• We’re currently investigating an issue related to the forum theme and styling that is impacting page layout and visual formatting. The problem has been identified, and we are actively working on a resolution. There is no impact to user data or functionality, this is strictly a front-end display issue. We’ll post an update once the fix has been deployed. Thanks for your patience while we get this sorted.

[benchmarks] Need for Speed 2016

Page 3 - Seeking answers? Join the AnandTech community: where nearly half-a-million members share solutions and discuss the latest tech.
Don't start jumping to conclusions. They optimize the memory to take advantage of poor memory usage by game engines at hi resolution. How much, how far, and what limitations there are to that are unknown.
 
The reason Fiji takes more work is because so many games go nuts with memory usage because GDDR5 isn't fast enough, so they just pack more room instead. Look at memory usage in Tomb Raider, its nuts and its a game that does it better than others. HBM can take advantage of system memory to store all the junk that games try to load that they don't actually need, and can swap it in/out as needed.

I mean Crysis ran on cards with only 1GB of ram or less, yet games these days take 4GB+...

Only at the high 2560x1600 resolution is the 512MB card experiencing a slight performance penalty

Developers stopped optimizing and instead we just throw better/bigger hardware at it.
 
Don't start jumping to conclusions.

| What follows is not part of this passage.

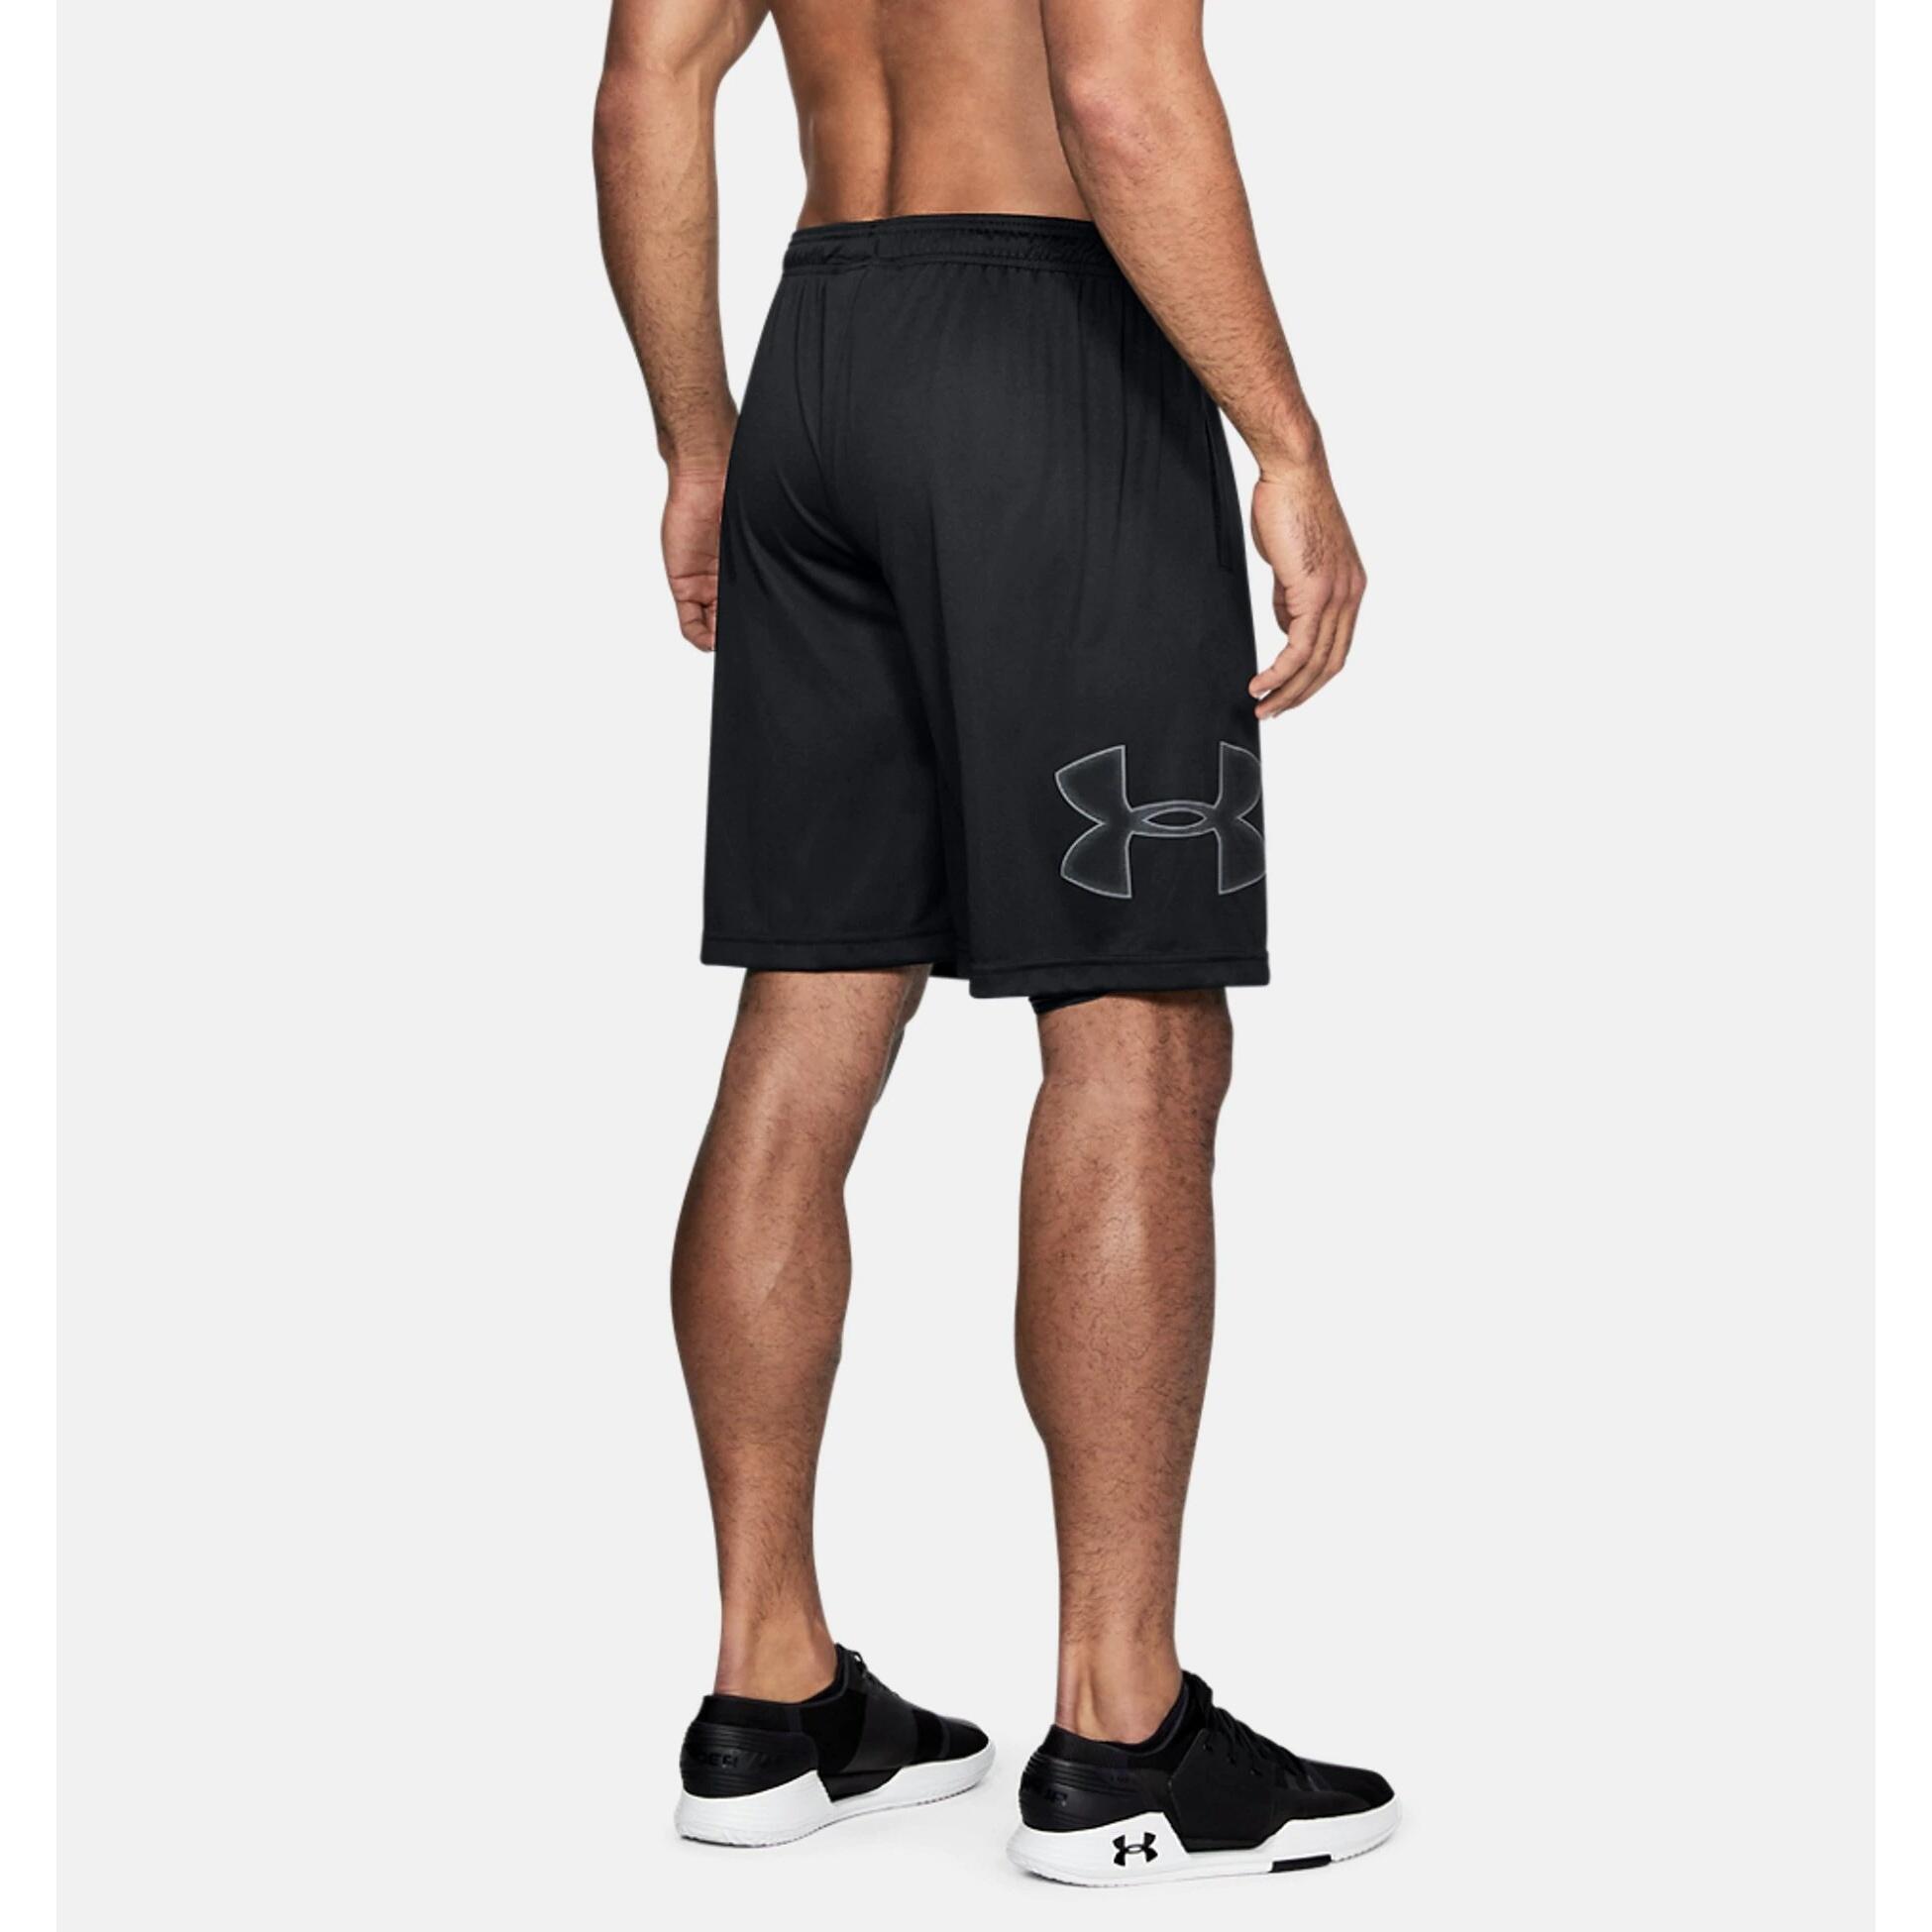 Mens Tech Shorts (Black/Light Graphite) 4/4

They optimize the memory to take advantage of poor memory usage by game engines at hi resolution. How much, how far, and what limitations there are to that are unknown.

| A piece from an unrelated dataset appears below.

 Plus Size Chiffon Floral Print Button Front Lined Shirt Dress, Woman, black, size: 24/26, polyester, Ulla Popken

It's happened way too many times to be a coincidence, both in DX11 and DX12 games.

Fiji does need optimized drivers to perform well, while older GCN SKUs seem to run well out of the box.
 
It's happened way too many times to be a coincidence, both in DX11 and DX12 games.

Fiji does need optimized drivers to perform well, while older GCN SKUs seem to run well out of the box.


You don't know what's what nor do I or anyone else for that matter. We do however know what they've said that they done which as bacon wrote is to manage the WASTE better which is something no one does atm. I think after DX12 has had more time to grow it will not be an issue and ppl will forget if they even remembered.
 
You don't know what's what nor do I or anyone else for that matter. We do however know what they've said that they done which as bacon wrote is to manage the WASTE better which is something no one does atm. I think after DX12 has had more time to grow it will not be an issue and ppl will forget if they even remembered.

Going from what AMD have said, then yes, HBM requires optimized memory usage and so Fiji requires game ready drivers to perform.

That is a concern, because AMD is often not game ready until post release. Hopefully they can sort out the kinks so Polaris won't suffer without game specific optimized drivers.
 
Going from what AMD have said, then yes, HBM requires optimized memory usage and so Fiji requires game ready drivers to perform.

That is a concern, because AMD is often not game ready until post release. Hopefully they can sort out the kinks so Polaris won't suffer without game specific optimized drivers.


Great make stuff up now this is going to be the next troll by the group of you know whos.
 
It is probably a "feature" of HBM, and so Polaris or Pascal HBM2 SKU will likely need this optimization too.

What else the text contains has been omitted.